Submitted by Don Doman.
How many people can afford a new home these days? Tent cities, tiny houses, and homeless multitudes are just part of a housing problem that has cities scrambling for answers and solutions. With the Affordable Care Act (ObamaCare), and Social Security possibly the next target for cutting by the Trump administration our Baby Boomer seniors may soon find themselves looking for a place to call home . . . that they can afford. The answer may come from Hong Kong.

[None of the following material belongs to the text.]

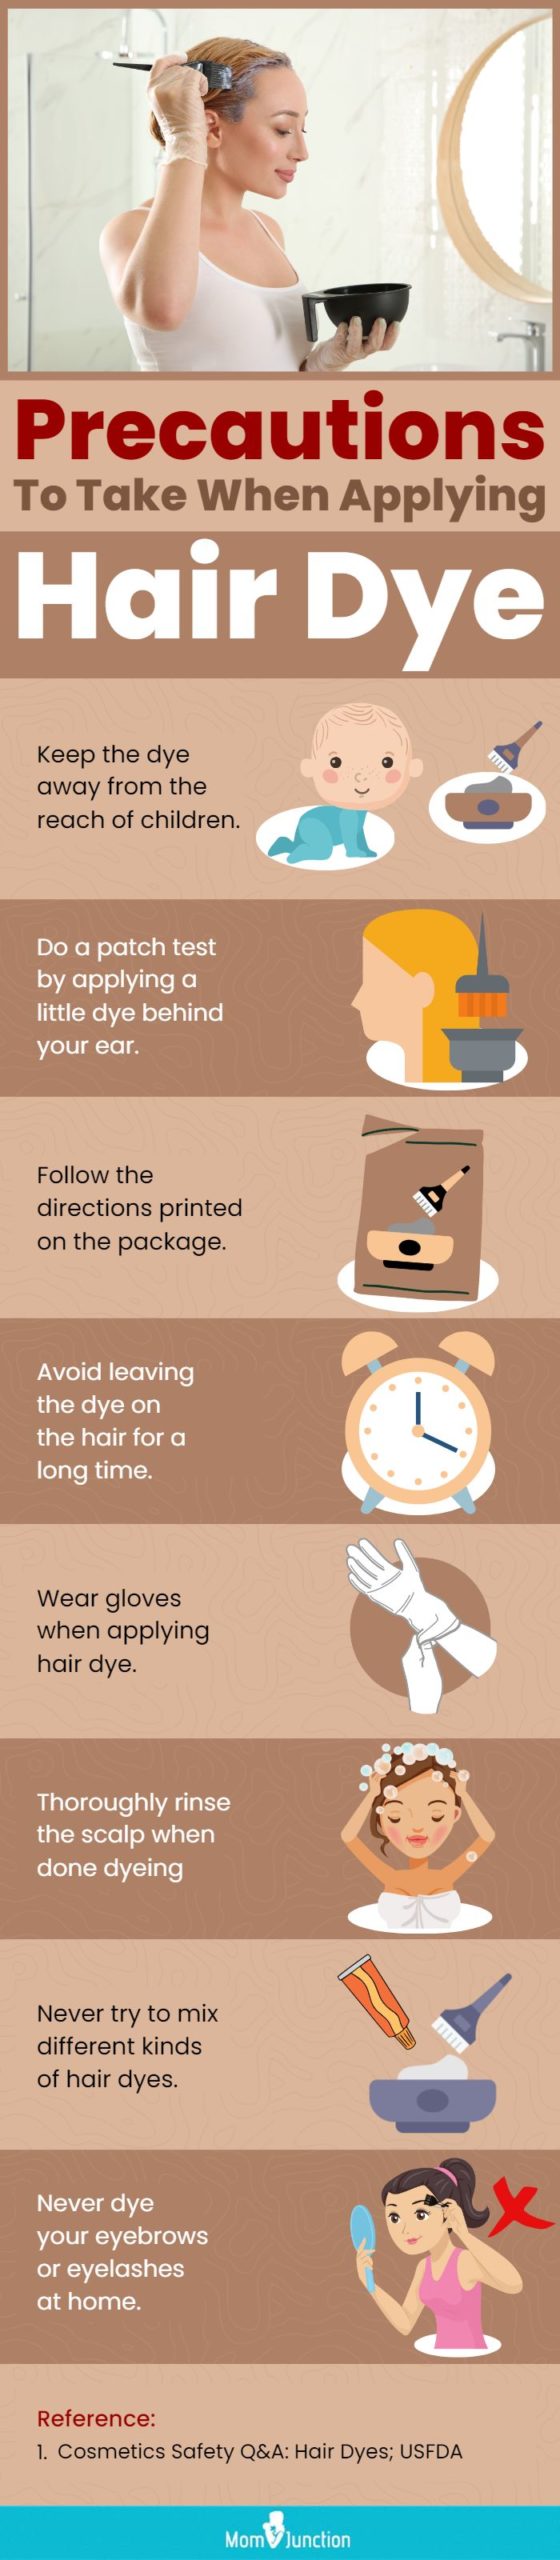 Precautions To Take When Applying Hair Dye

Architect James Law of James Law Cybertecture has designed living quarters made from concrete water pipes. His creation is called OPOD Tube Housing, which he designed for the Hong Kong housing crisis. “OPod Tube Housing is an experimental, low cost, micro living housing unit to ease Hong Kong’s affordable housing problems. Constructed out of low cost and readily available 2.5m diameter concrete water pipe, the design utilizes the strong concrete structure to house a micro-living apartment for one/two persons with fully kitted out living, cooking and bathroom spaces inside 100 sq.ft. Each OPod Tube Houses are equipped with smart phone locks for online access as well as space saving furniture that maximizes the space inside. OPod Tube Houses can be stacked to become a low rise building and a modular community in a short time, and can also be located/relocated to different sites in the city.” – James Law Cybertecture
I think the OPOD Tube Houses are ideal for followers of Hobbits and J.R.R. Tolkien. Building codes not withstanding, I think various new homeowners using OPODS in Steilacoom would be ideal. Built into the sides of the hills with views of McNeil Island and Key Peninsula these modular houses could make cozy and inexpensive homes/condos with fantastic vistas.
The OPOD structures could bring immediate shelter to Pierce County homeless as well as student housing near our colleges and universities. As housing needs change, these concrete structures could be transported to new locations to meet new demands at a fraction of the costs of demolition and new construction.
Building space is always at a premium, but housing units that can fit in, around, and on top of both municipal and commercial buildings offers both opportunity and possibilities.